The Reason Foundation is a 501(c)(3) non-profit (donate today!) with two primary functions: 1) publishing all Reason-branded editorial content, such as this sentence, and 2) conducting a bunch of nonpartisan public-policy analysis to help lawmakers and their bosses (youse) make better decisions. Being headquartered in California, some of the best research behind Door Number 2 has to do with the clusterfudge that is the Golden State's public policy.
On that topic, the Foundation today has released a shiny new study called "How to Fix California's Pension Crisis" (summary here, whole PDF report here), by Adam Summers. Some lowlights about the state they're in:
* California's public pension and retiree health and dental care expenditures have quintupled since fiscal year 1998-99, from about $1 billion to $5 billion this year. Retirement spending is expected to triple again - to $15 billion - within the next decade. […]
* Since 2008, California has added over 13,000 employees to the state payroll during this recession. […]
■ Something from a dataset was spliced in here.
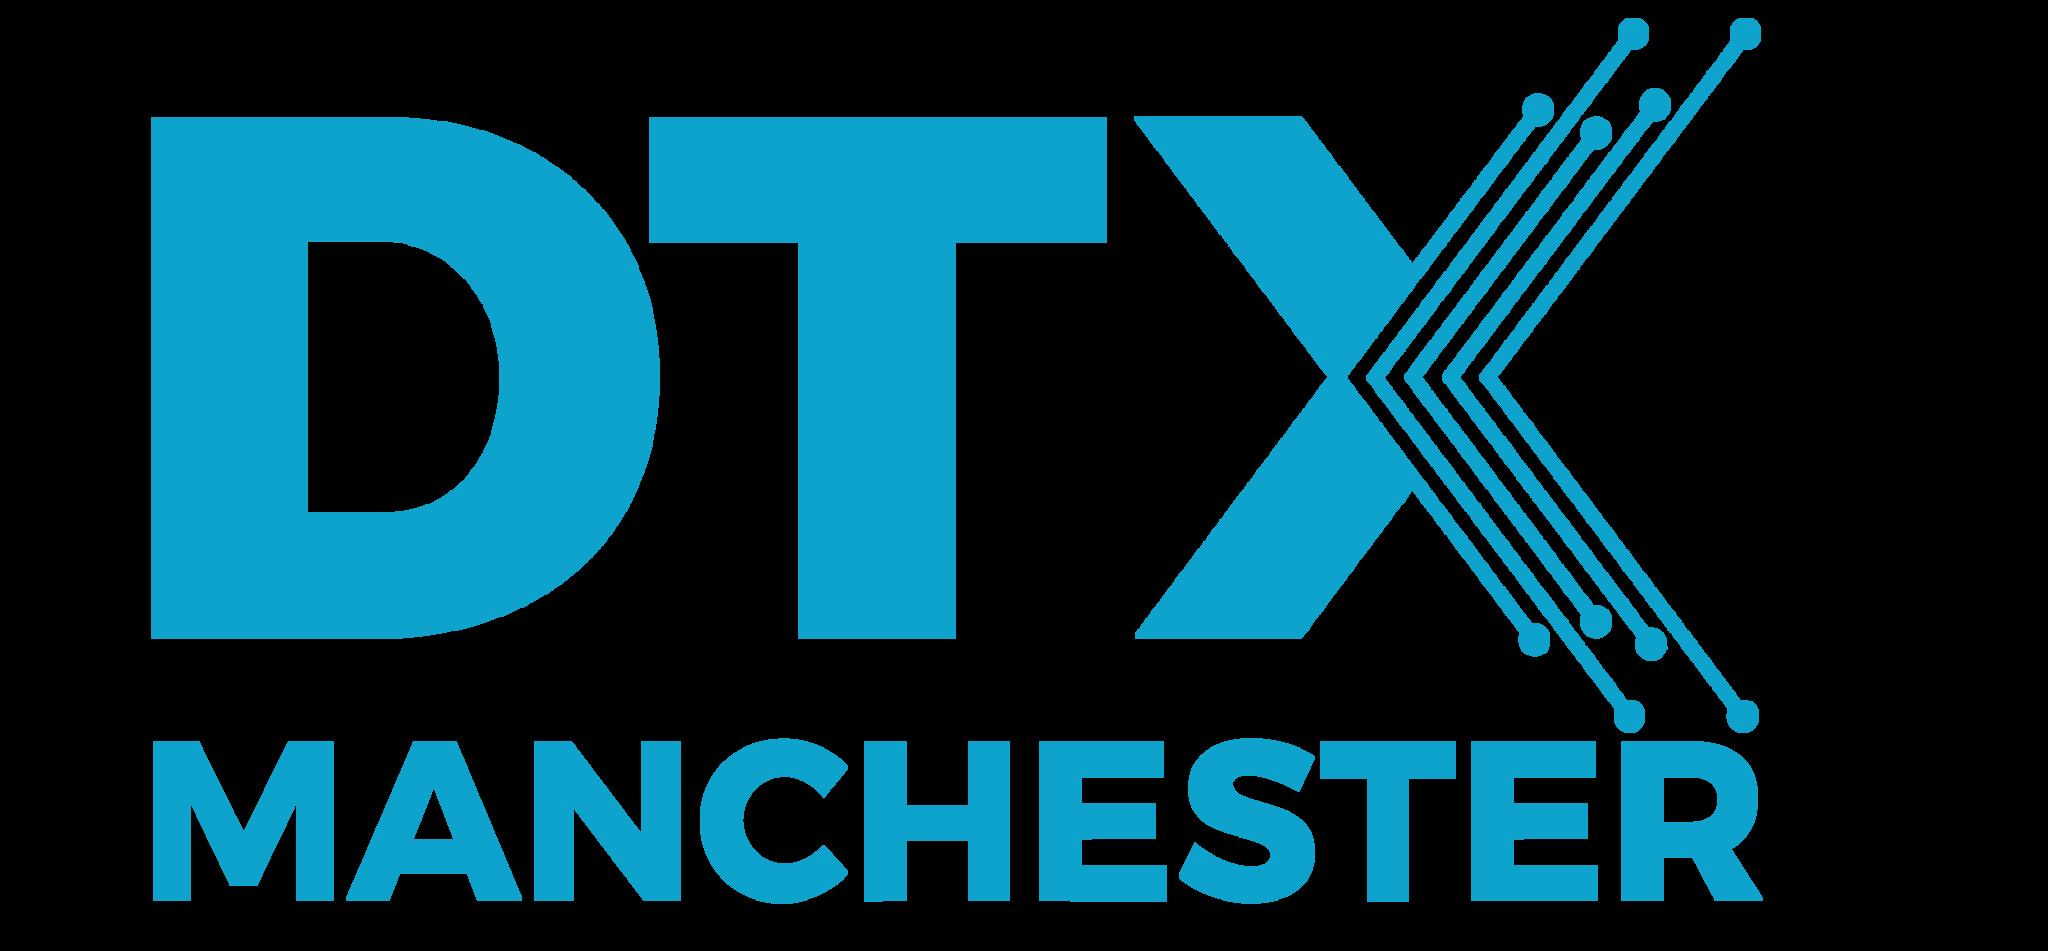 New 2020 logo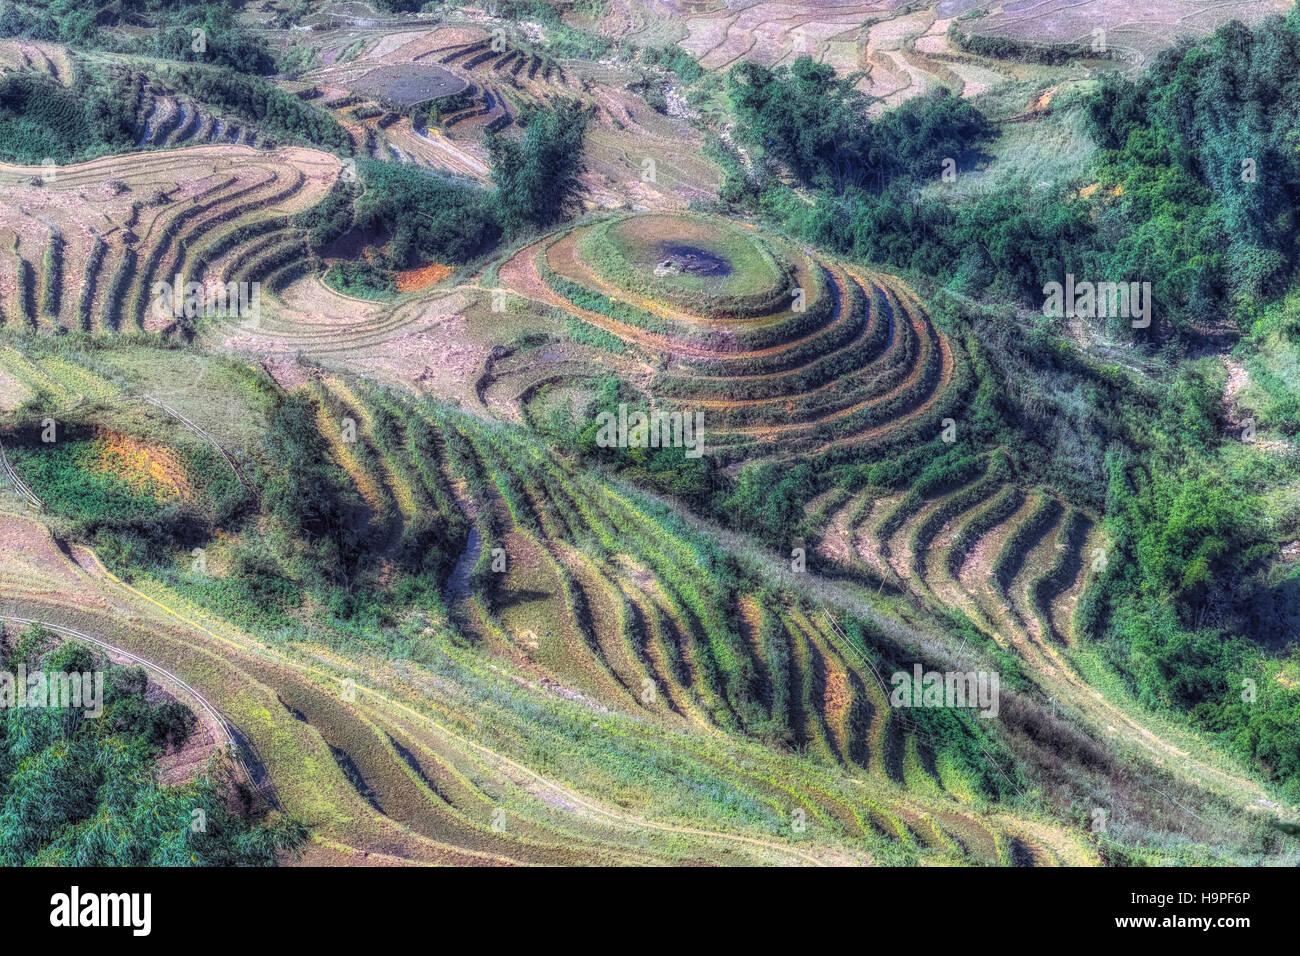 Reis Terrassen, Lao Cai, Sapa, Vietnam, Asien Stockbild

* In the 1960s, just one out of every 20 California state workers received "public safety" pensions. Now, one out of three state workers receives the lavish public safety benefits originally intended for the firefighters and police officers who put themselves in harm's way. […]
* California taxpayers pay 85 percent of the health care premiums for most active state workers, 100 percent of the health care costs for most state retirees and 90 percent of health care costs for their families.
* CalPERS reported a loss of $56.2 billion for the fiscal year that ended June 30, 2009. CalSTRS posted a loss of $43.4 billion in 2009. California taxpayers are on the hook for funding shortfalls not made up by pension fund performance or employee contributions, so taxpayers will be paying more to make up for these pension investment losses. […]
* California is the only state in the nation that uses just one year – an employee's final year salary – to determine their long-term pension benefits. Most states use three- or five-year periods to determine pension benefits, making their systems less susceptible to pension spiking.
Among the many sensible suggested reforms:
* Close the defined-benefit pension plans for state employees and enroll all new employees in defined-contribution plans for pensions and other post-employment benefits, such as retiree health care and dental benefits. […]
* Adopt an amendment to the state constitution prohibiting retroactive benefit increases.